17.1 The Seller shall indemnify the Buyer against damage or injury to its property or person or that of others to the extent directly caused by the negligence of the Seller its sub-contractors or agents while on the Buyer's premises for the purposes of the Contract but not otherwise by making good such damage to property or compensating personal injury PROVIDED ALWAYS that the Seller's total liability to the Buyer for damage to property (including damage caused by the Seller's breach of contract tort or breach of statutory duty) shall not exceed the contract price and PROVIDED ALSO that the Seller shall not be liable to the Buyer for any loss of use production profit or contracts or save as aforesaid for any loss damage or injury of any kind whatsoever and whether caused by the Seller's breach of contract tort breach of statutory duty or otherwise.
17.2 The Buyer shall indemnify the Seller against all losses damages injuries (including death) to any persons or loss of or damages to any property (including the Goods) which may arise out of the Buyer's or any employee's act default or negligence and against all claims demands proceedings damages costs charges and expenses whatsoever in respect thereof or in relation thereto PROVIDED THAT the Buyer shall not be liable for nor be required to indemnify the Seller against any compensation or damages for or with respect to injuries or damage to persons or property to the extent that such injuries result wholly from any act default or negligence on the part of the Seller.
18. Determination of Contract
If the Buyer shall break any provision of this or any other Contract with the Seller or suffer distress or execution or commit and act of bankruptcy make arrangements with creditors or go into liquidation (except for the purposes of amalgamation or reconstruction) or have an administrator or administrative receiver or manager appointed or administration order made against it the Seller may (without prejudice to any other claim or remedy) suspend performance of or determine this or any other such Contract forthwith by written notice or suspend any further deliveries of work and shall be entitled to payment for Goods or Services already delivered or supplied and work in progress under the Contract in question.
All notices authorisations and consents and approvals given pursuant hereto shall be in writing (which shall include confirmed facsimile transmission) in the English language to be effective and notices sent by post shall be deemed to have been given at the time when they would have been received in the ordinary course of the post and notices sent by facsimile transmission shall be deemed to have been received on the next working day following receipt.
20.1 If any dispute arises between the
Buyer and the Seller senior
representatives of the parties shall within 30 days of a written request from either party to the other meet in a good-faith effort to resolve the dispute.
20.2 If the dispute is not resolved at such meeting either party may propose to the other in writing that the matter be referred to a non-binding mediation.
20.3 The parties intend to co-operate in implementing the above procedures and any ensuing mediation process.

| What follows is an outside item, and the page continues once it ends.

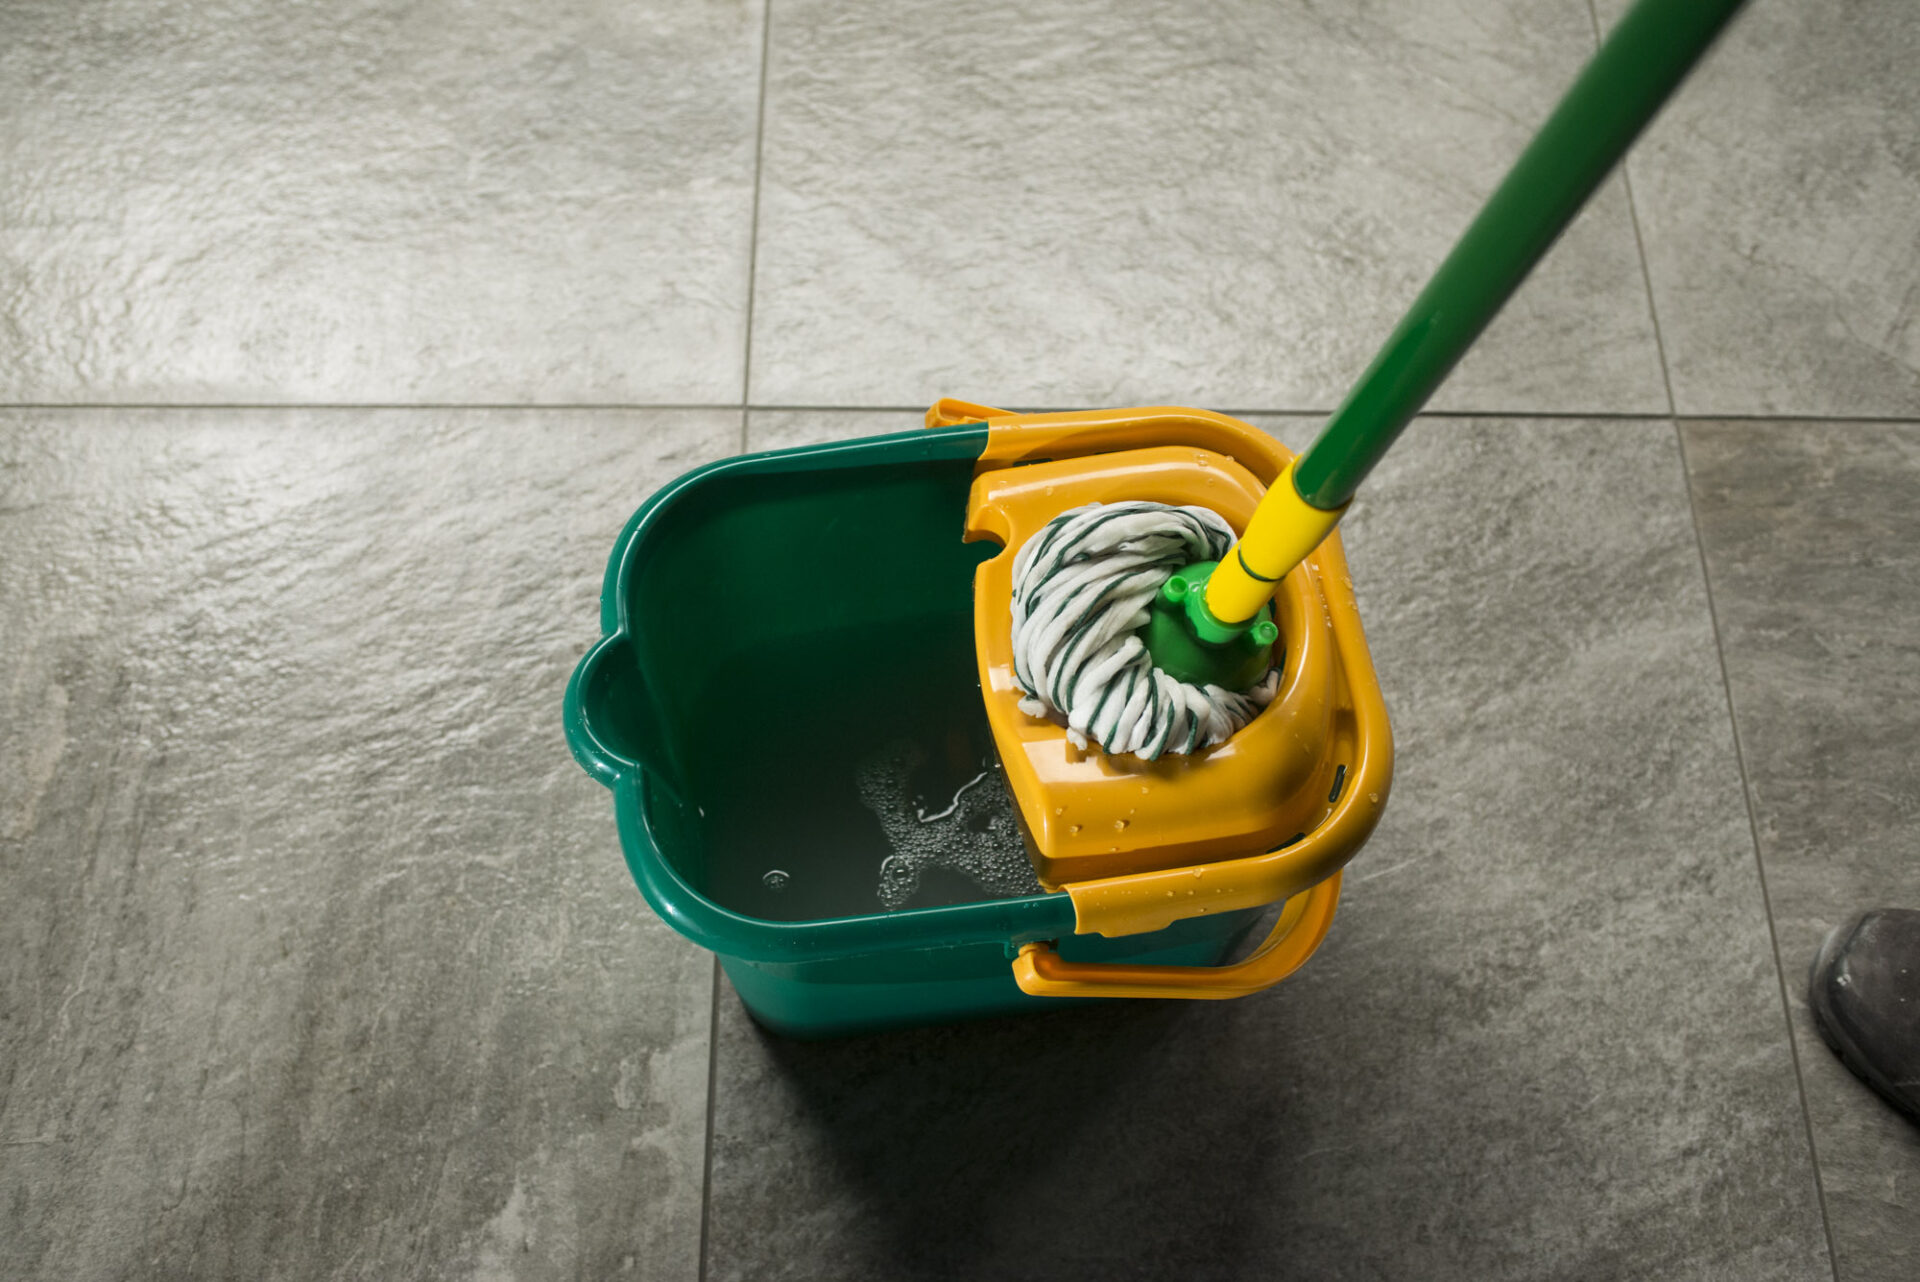 Come pulire i pavimenti esterni: consigli pratici
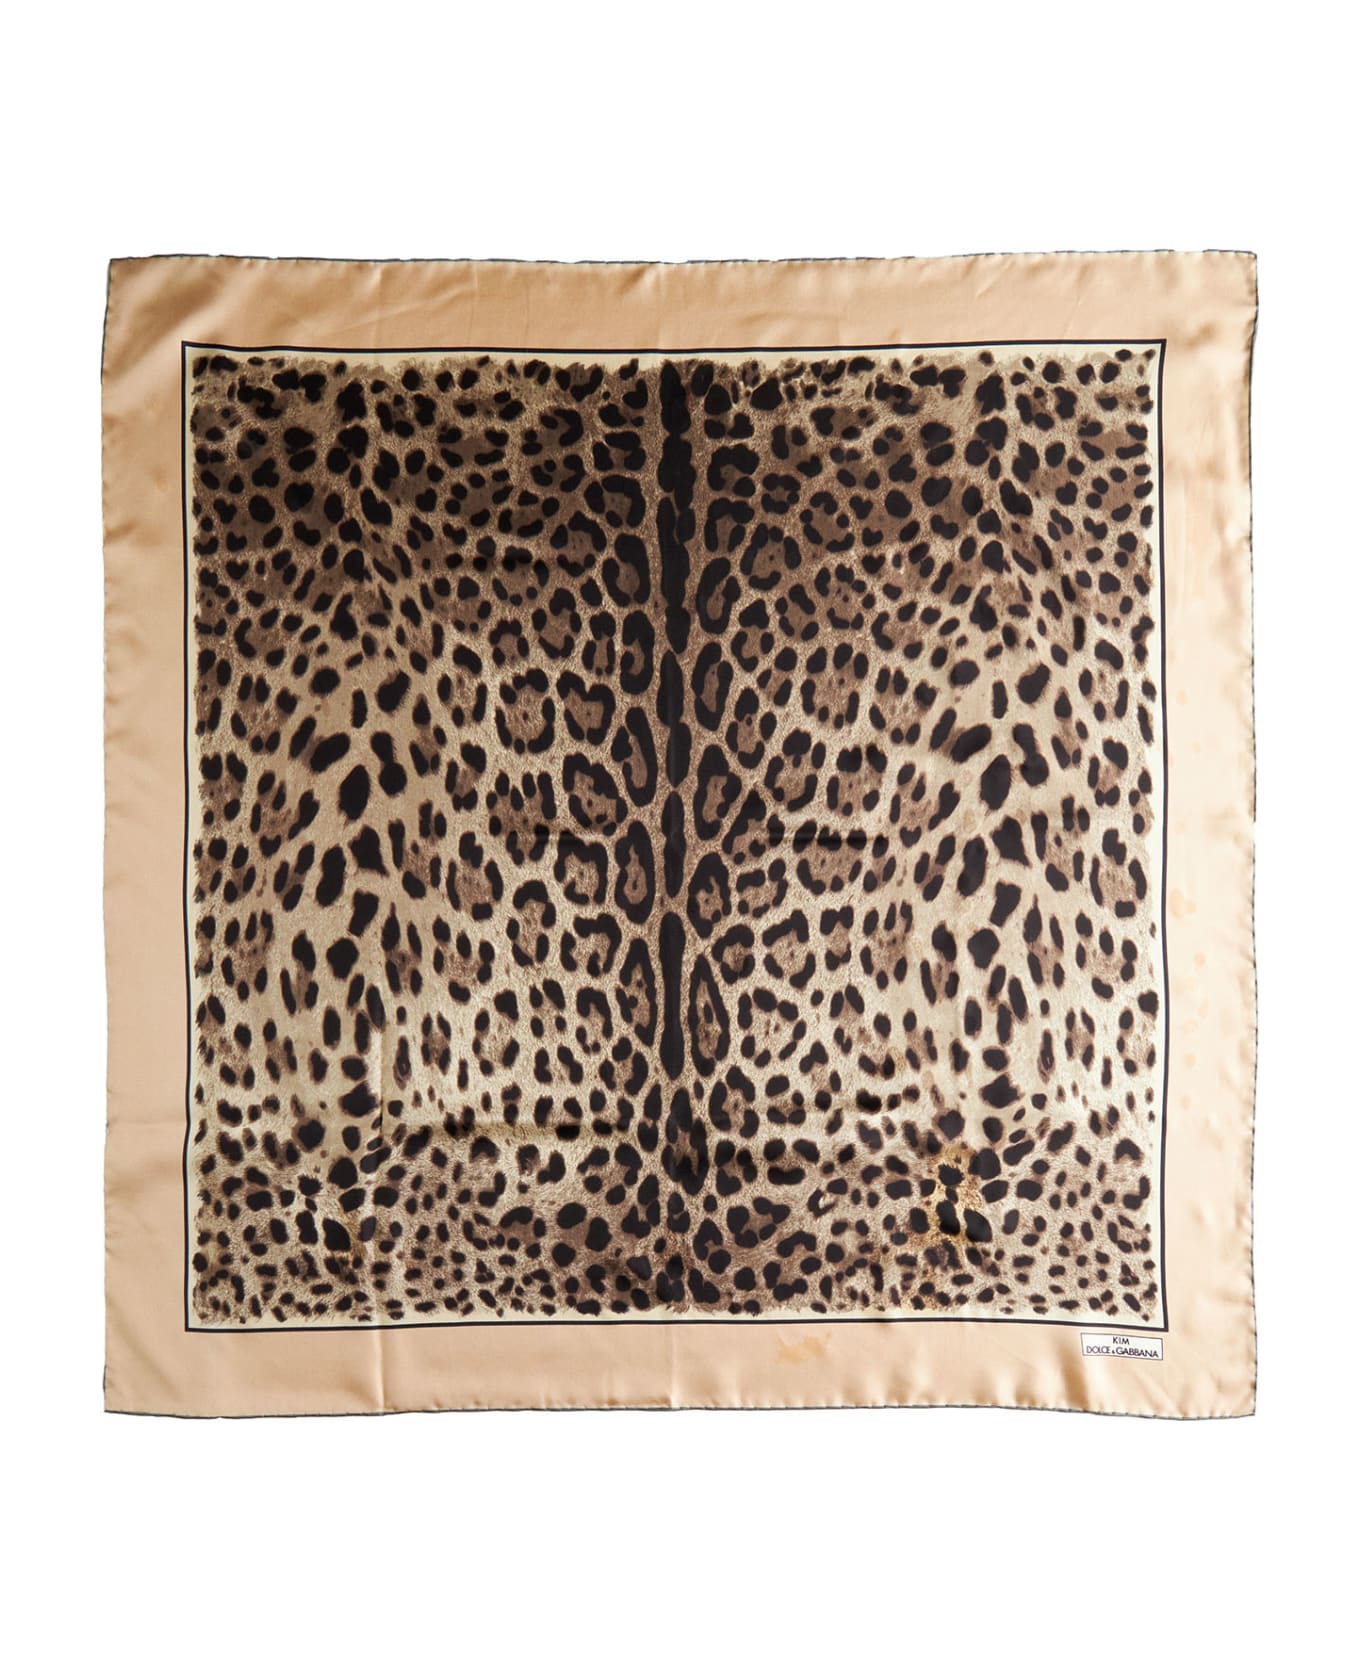 Dolce & Gabbana Leopard-print Twill Scarf - Leo bordo nudo

However, either party may withdraw at any time upon written notice to the other, from the negotiations and/or from the mediation and may institute court proceedings as if this Clause 20 did not form part of the Contract.
20.4 The Buyer and the Seller agree that all negotiations held and documents written during the mediation procedure (irrespective of whether or not an agreement is reached) shall be confidential and the subject of such negotiations and documents shall not be disclosed in any subsequent court proceedings.
21.1 In these terms and conditions use of
the singular shall include the
plural and vice versa and use of gender shall be immaterial.
The Contract shall be governed by English Law and the parties hereto hereby irrevocably submit to the jurisdiction of the English courts.